119. Nor must the critique of a misguided anthropocentrism underestimate the importance of interpersonal relations. If the present ecological crisis is one small sign of the ethical, cultural and spiritual crisis of modernity, we cannot presume to heal our relationship with nature and the environment without healing all fundamental human relationships. Christian thought sees human beings as possessing a particular dignity above other creatures; it thus inculcates esteem for each person and respect for others. Our openness to others, each of whom is a “thou” capable of knowing, loving and entering into dialogue, remains the source of our nobility as human persons. A correct relationship with the created world demands that we not weaken this social dimension of openness to others, much less the transcendent dimension of our openness to the “Thou” of God. Our relationship with the environment can never be isolated from our relationship with others and with God.

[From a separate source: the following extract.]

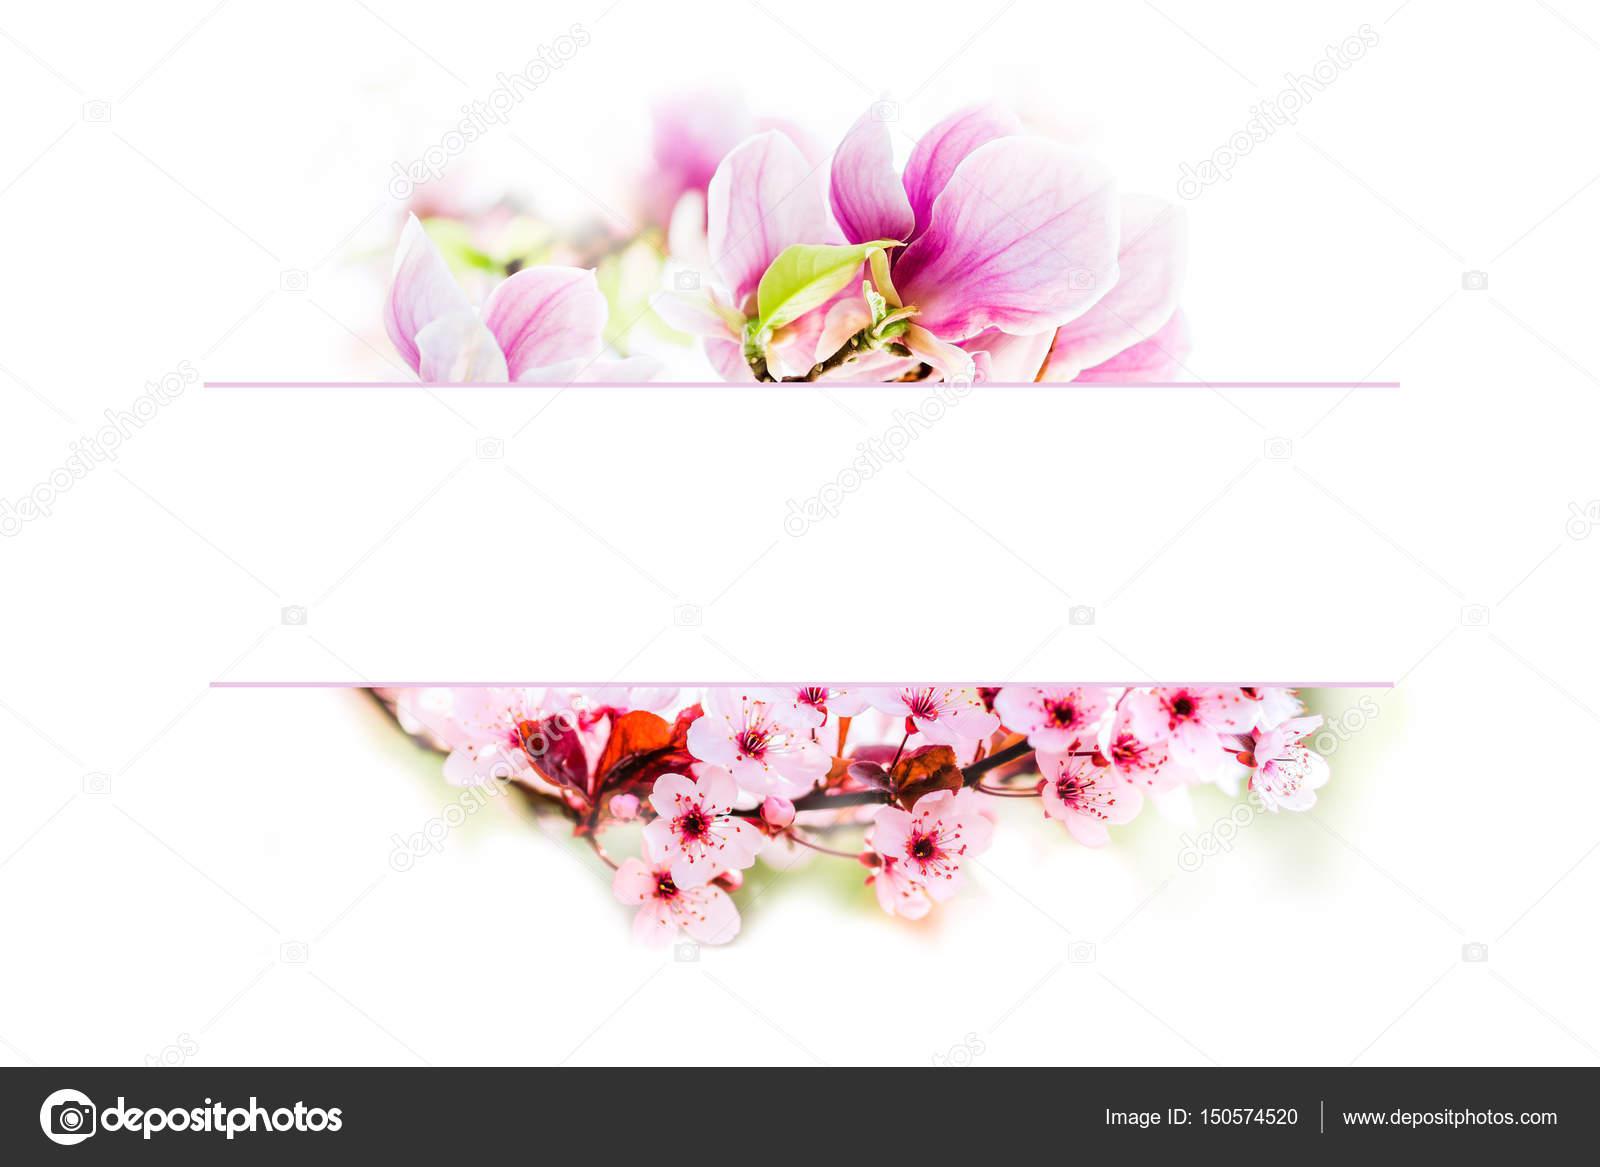 blühende Magnolie Blume und Kirsche Baum Blumen Rahmen — Stockfoto ...

Otherwise, it would be nothing more than romantic individualism dressed up in ecological garb, locking us into a stifling immanence. (Laudato Si)
This paragraph is the most important one for me in the whole of the Holy Father's new encyclical dealing with ecology. Even Pope Francis realizes how voluminous and wide-ranging this document is, but I doubt if he would begrudge me my pick of N. 119.
From a practical point of view, what he writes about sober living is intuitive and speaks to me of my childhood and how well we as a large family were able to live on so little never as children sensing that we lacked for anything, But I will stay with this paragraph and say, if you can ground yourself so, all else then falls into place.